The Supreme Court was dissatisfied with the High Court’s order considering that the income of the husband, a senior lecturer in a college, was more than Rs 80,000 a month.

It also took note of the fact that the husband was the owner of 26 acres of irrigated land. More important, the apex court disagreed with the High Court and held that merely because the wife is capable of earning is not sufficient reason to reduce the maintenance awarded by the family court.

Making a distinction between Section 125, CrPC, and the DV Act, Justice Sachdeva said the expression “unable to maintain herself”, which qualifies for the claim of maintenance by a wife under the former, is missing in the Act. He emphasised that under Section 20(2) of the DV Act, the monetary relief granted has to be adequate, fair and reasonable and consistent with the standard of living to which the aggrieved person is accustomed. The expression “unable to maintain herself” found in Section 125, CrPC, does not mean capable of earning, Justice Sachdeva interpreted.

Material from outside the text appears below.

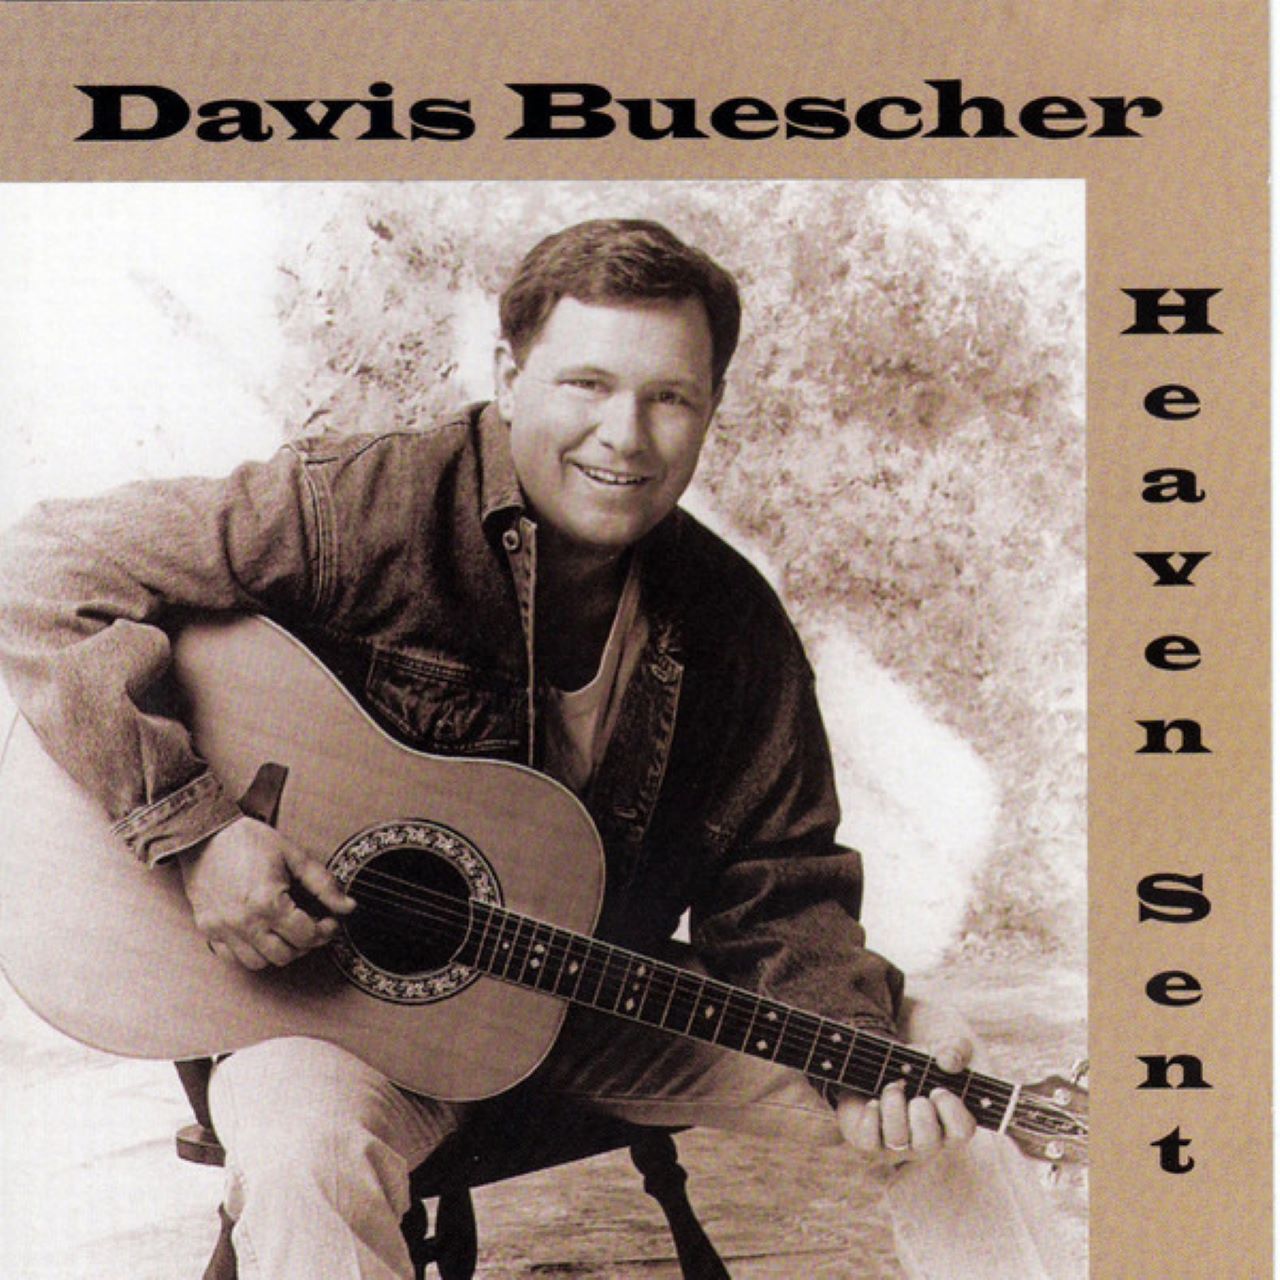 Davis Buescher - Heaven Sent cover album
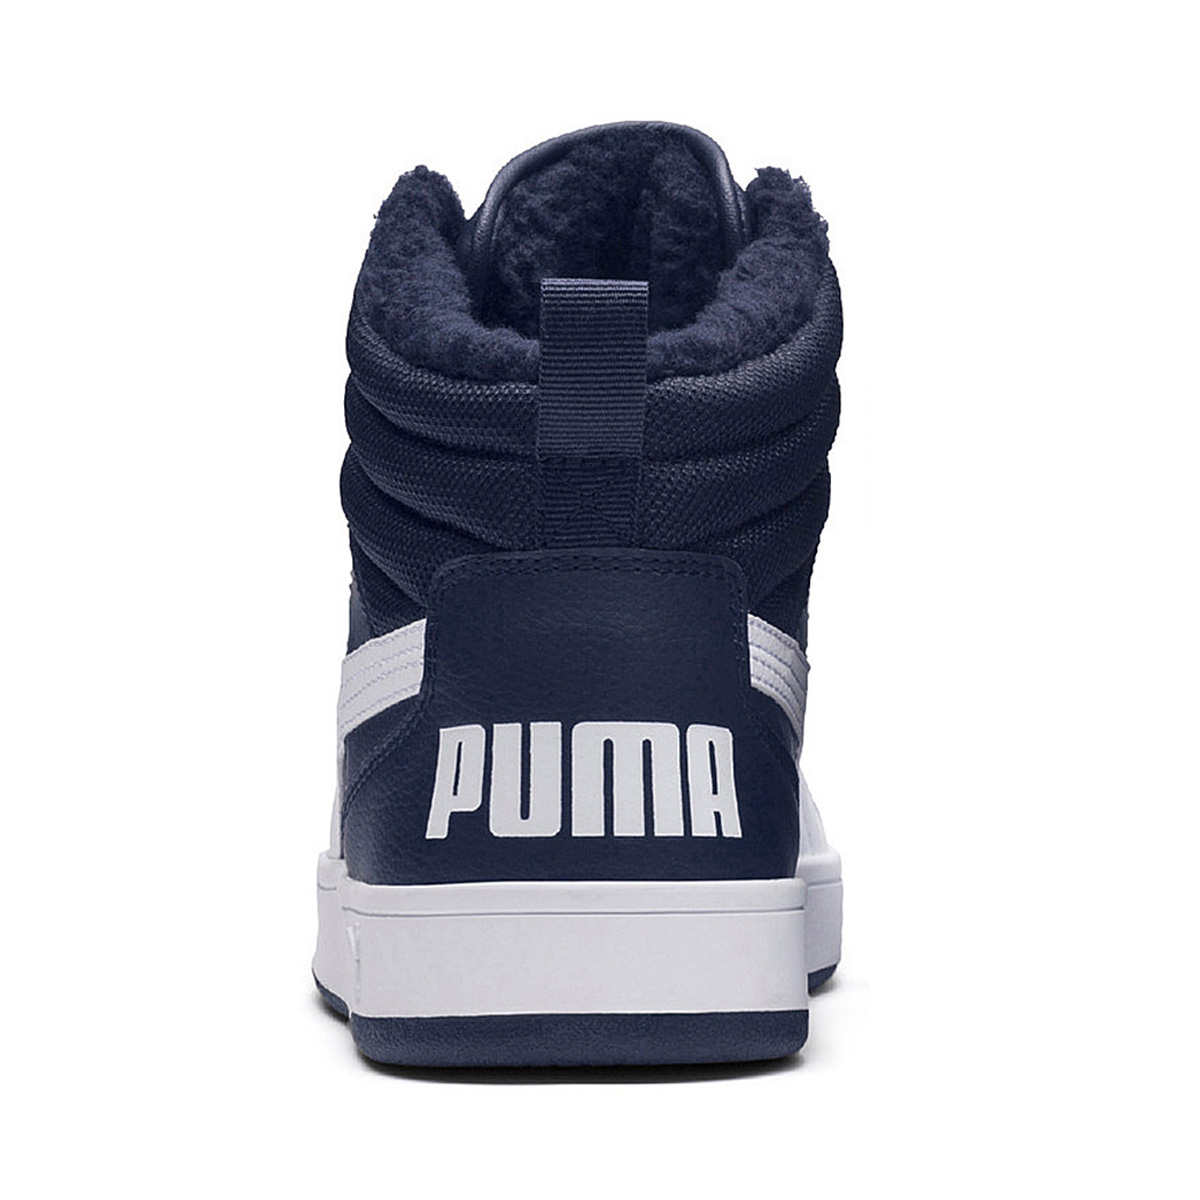 Puma Rebound Street V2 Fur Winterstiefel Boots Herren blau gefüttert warm

Justice Sachdeva thus restored the trial court’s order awarding the maintenance of Rs 16,500 per month to the wife. He also directed the husband to pay it from the date of filing of the application by the wife seeking its grant, ie, with effect from May 3, 2017. He gave the husband four weeks’ time to clear the entire arrears of maintenance.

The rise in the number of cases under the DV Act heard by the judiciary doubtless indicates the rising confidence of women in the ability of the courts to render justice. It also underlines the growing intolerance for domestic violence among women.

Activists, however, have been concerned over the lack of sensitivity among judges to the Act’s potential to come to the rescue of aggrieved women. The Act supports the contention that emotional, sexual and economic violence within the home should be suitably compensated. Put in this context, Justice Sachdeva’s judgment is refreshing, and is likely to be hailed by activists for being sensitive to the objectives of the Act.

Reviewing the Act’s working in 2009, Jaising commented in an article that having a law on domestic violence puts in place a norm that violence against women is unacceptable, and such a norm is backed by State sanctions. But having a norm will not by itself end violence, she had cautioned. “It is also necessary to facilitate access to justice by the endowment of material resources,” she had explained.

By enlarging the scope of interim maintenance to be granted to an aggrieved wife, the Delhi High Court has sought to advance her access to justice, as envisaged by Jaising almost 10 years ago.